Ее улыбка была растерянной. Жалкой.
Но Астраханцева в темноте не разглядела.
05 августа, 22:37, ДОЛ “Варяг”, шестой корпус.
Белоголовый мальчик по имени Тамерлан не спал.
Сидел в темноте на покрывале кровати, скрестив под собой ноги – поза для непривычного человека на редкость неудобная, но он за последний час не шевельнулся, даже ни разу не моргнул. Казалось, он или о чем-то размышляет, или вспоминает что-то, неподвижно глядя на ровную и гладкую стену палаты, освещенную мертвенно-бледным светом уличного фонаря.

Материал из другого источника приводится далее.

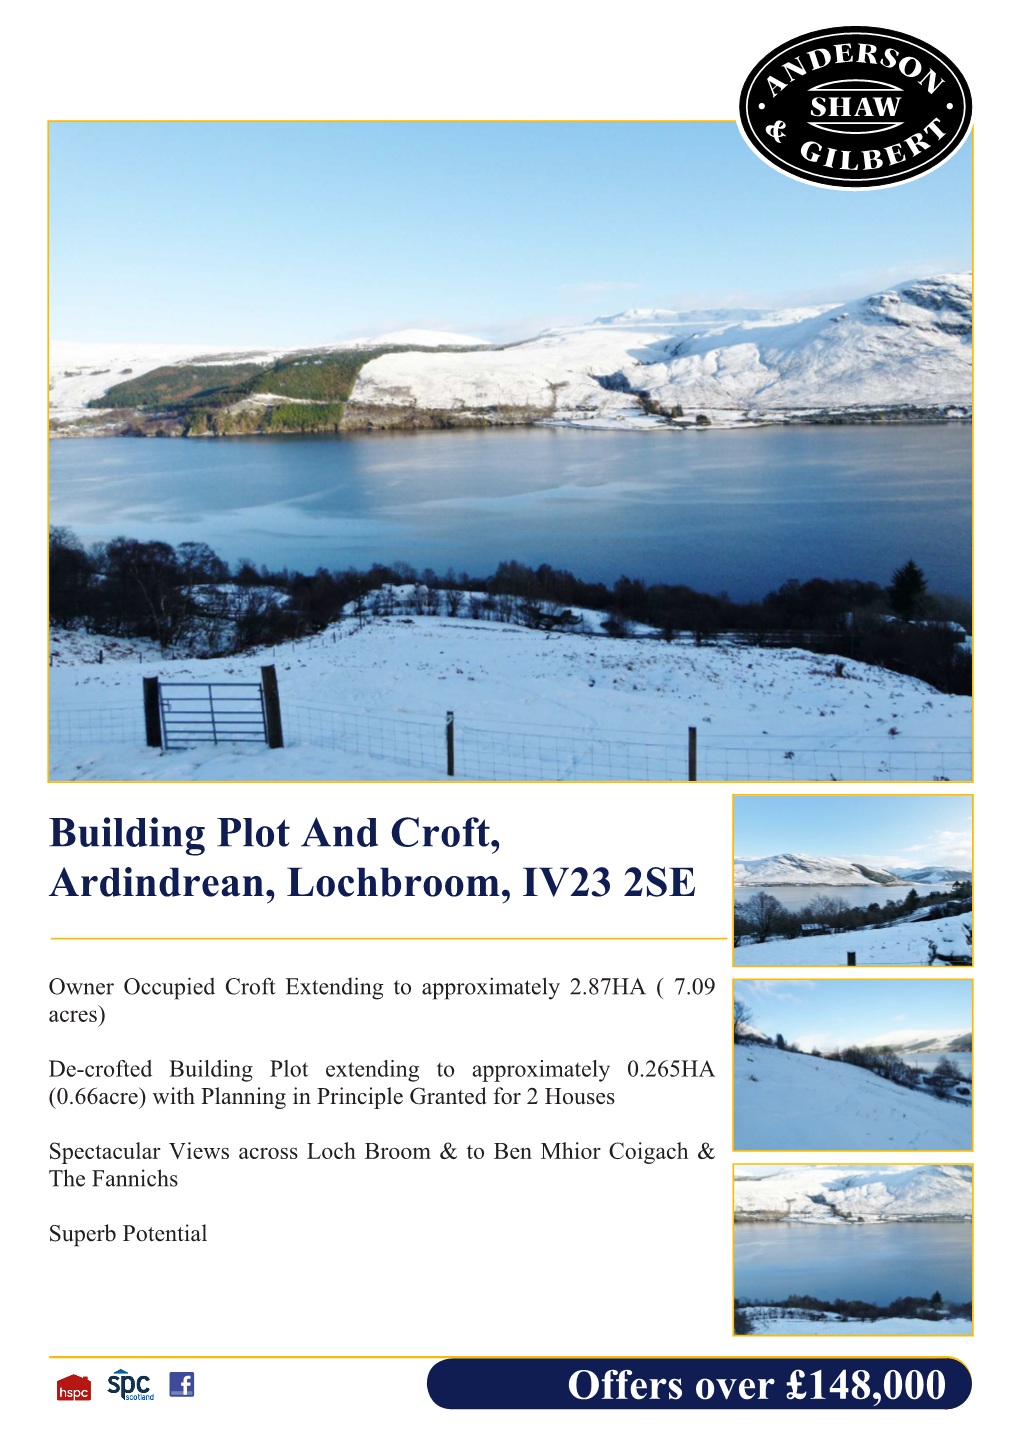 Offers Over £148,000 Building Plot and Croft, Ardindrean, Lochbroom

Дверь распахнулась, ударившись о стену. Дронт вошел и рухнул на койку. Вместе с ним вошли боль, и унижение, и бессильная жажда мести… Все это слышалось в странных звуках, которые доносились с койки Дронта – не то в рычании, не то в скулеже. И – слышалась ненависть. Больше всего – именно лютая ненависть.
Находиться в одном помещении с источником подобных эмоций было нелегко.
Тамерлан встал. Подошел к Дронту, положил руки на содрогающиеся плечи. Потом вернулся на то же место, застыл в той же позе.
Дронт спал. Сны ему снились страшные.
Кровавые сны.
Ночь. Комната Степаныча.
Это был старый, обшарпанный армейский кунг на базе “Урала”. Изношенный двигатель ревел на подъемах, из-под колес летели комья перемешанной с первым снегом глины – но машина упрямо ползла по разбитой дороге к перевалу. Степаны видел все в как замедленном показе: вот колесо неторопливо наезжает на рытвину, по тонкому ледку зазмеились трещины, он вспух коробящимся, медленно сминаемым пузырем – струи жидкой грязи неохотно подались в стороны… И слышал Степаныч тоже всё, вплоть до скрипа пружин в продавленном водительском сиденье и плеска горючего в баке – натужный звук двигателя, странное дело, этому не мешал. Раздавшееся “…пи-пи-пи…” прозвучало безобидно, как писк голодных птенцов ласточки в гнезде. Но этот птенчик питался отнюдь не мошками – под передним мостом “Урала” остатки дороги превратились мгновенно в ничто, просто в яркий, давящий на глаза свет, и рванули вверх крушащим все потоком, поднимая кабину и медленно, с хрустом отрывая ее от кузова, и сдавливая, расплющивая зеленую крышу с грубо, торопливо нарисованным красным крестом… Тут же сдетонировало что-то еще более мощное, чем первый радиофугас, заложенное в соседнюю яму – кузов так же неторопливо устремился к низкому серому небу – и не долетел, разломленный, разодранный, растерзанный злой силой… Звук ударил с запозданием, когда разрозненные куски кунга и его пассажиров уже опускались на содрогнувшуюся землю… Ударил и остался в ушах несмолкаемым гулко-колокольным звоном – автоматы расстреливающих колонну “Соколов Гамсахурдиа” застрекотали сквозь этот звон ласково, как кузнечики на солнечном июльском лугу…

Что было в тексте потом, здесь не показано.